Unresolved : Release in which this issue/RFE will be addressed.
Resolved: Release in which this issue/RFE has been resolved.
Fixed : Release in which this issue/RFE has been fixed. The release containing this fix may be available for download as an Early Access Release or a General Availability Release.

To download the current JDK release, click here.
JDK 8 JDK 9
8u192Fixed 9 b150Fixed
Description
Analysis by Prasad Vidhyabaskaran and Jeff Oplinger

Loads that follow BIS (Block Init Store) based allocation prefetches (which is the default on SPARC processors), suffer from Partial RAW (Read After Write) Hazards. Partial RAWs perform slower than Full RAW Hazards on T7 (C4 core). When SW Prefetches are used for allocation prefetch (-XX:AllocatePrefetchInstr=0) , the partial RAW hazard is eliminated and resulting full RAW hazards are handled more efficiently, thus improving performance.

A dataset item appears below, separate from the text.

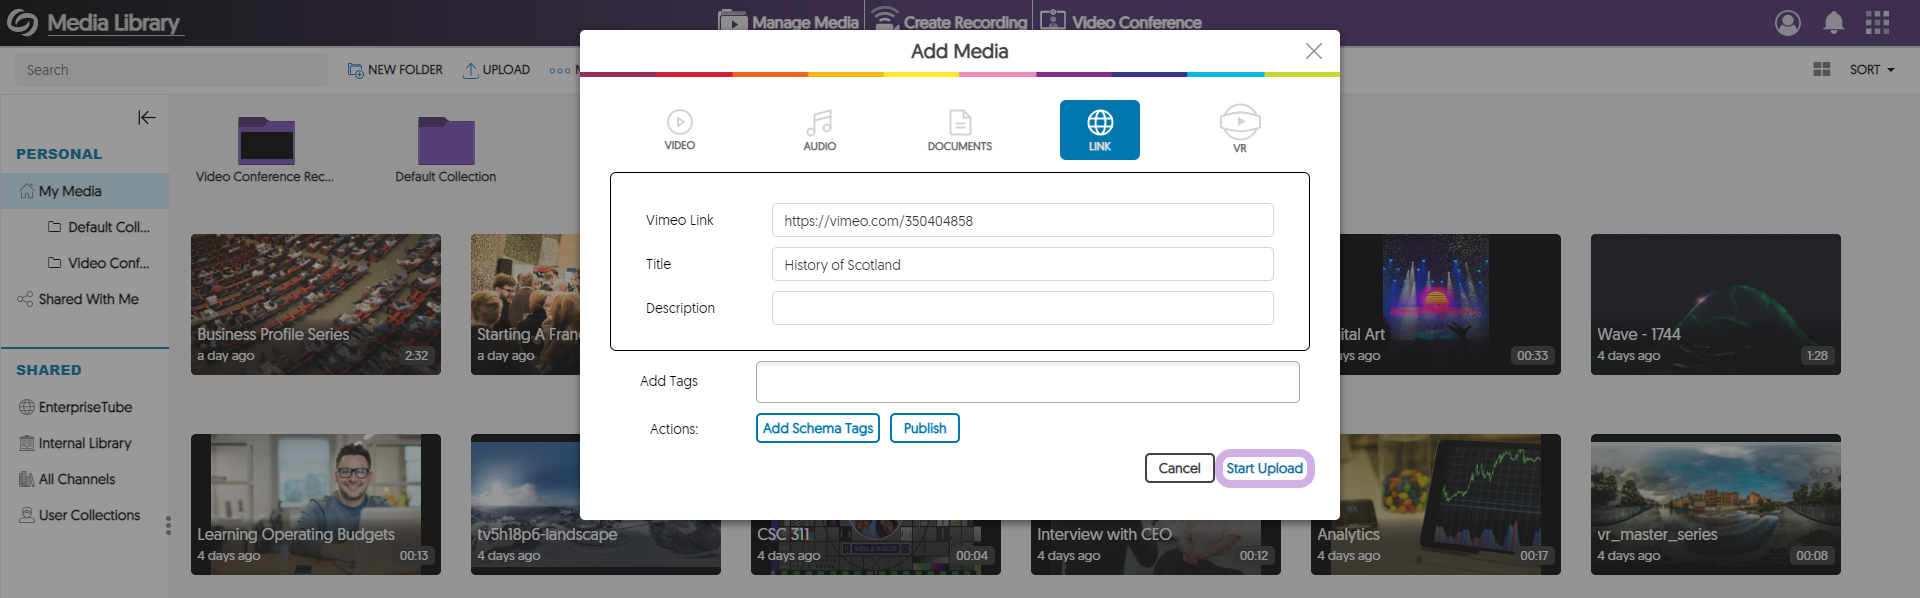 Add Media panel with Start Upload highlighted.

Performance measurements were done using JMH testsuite (on SPARC T7), aurora tool (on SPARC T4), and stand alone SPECJBB2005  runs (on SPARC T7).
 - 70% of JMH test cases showed improvements in the range of 1% to more than 4x, with 30% showing more than 5% gain. 28% of the tests regressed by less than 5%.
 - Results from Aurora runs can be seen at the following link
http://aurora.se.oracle.com/performance/reporting/report/prasad.vidhyabaskaran.java_jvm_prefetch_flag_eval_solaris_sparc?mode=prasad.vidhyabaskaran.style3.instr1
These show improvements between 1% to 5% on most of the workloads, and a small regression on just the SPECjvm2008.serial workload. 
 - On SPECjbb2005, lower number of warehouse threads showed anywhere between 1 to 2.7% improvements and < 2% regression in peak warehouse step when memory bandwidth was exercised heavily. 

It can be noted that performance gains are measurably larger than few regressing cases that were noted. Recommendation is to change the default prefetching choice to use SW prefetches (AllocatePrefetchInstr=0) on SPARC-T7 processors.
Comments
FC Extension request Justification: Minor change that adjusts the default prefetching mechanism only on Oracle SPARC Core C4 processor based systems and can offer significant performance improvements. Risk: Low as it only impacts the default behavior of the JDK. Due date: Code changes are currently in review process Code review webrev: http://cr.openjdk.java.net/~kvn/8158012/webrev.00/ Code review thread: http://mail.openjdk.java.net/pipermail/hotspot-compiler-dev/2016-December/025089.html
22-06-2017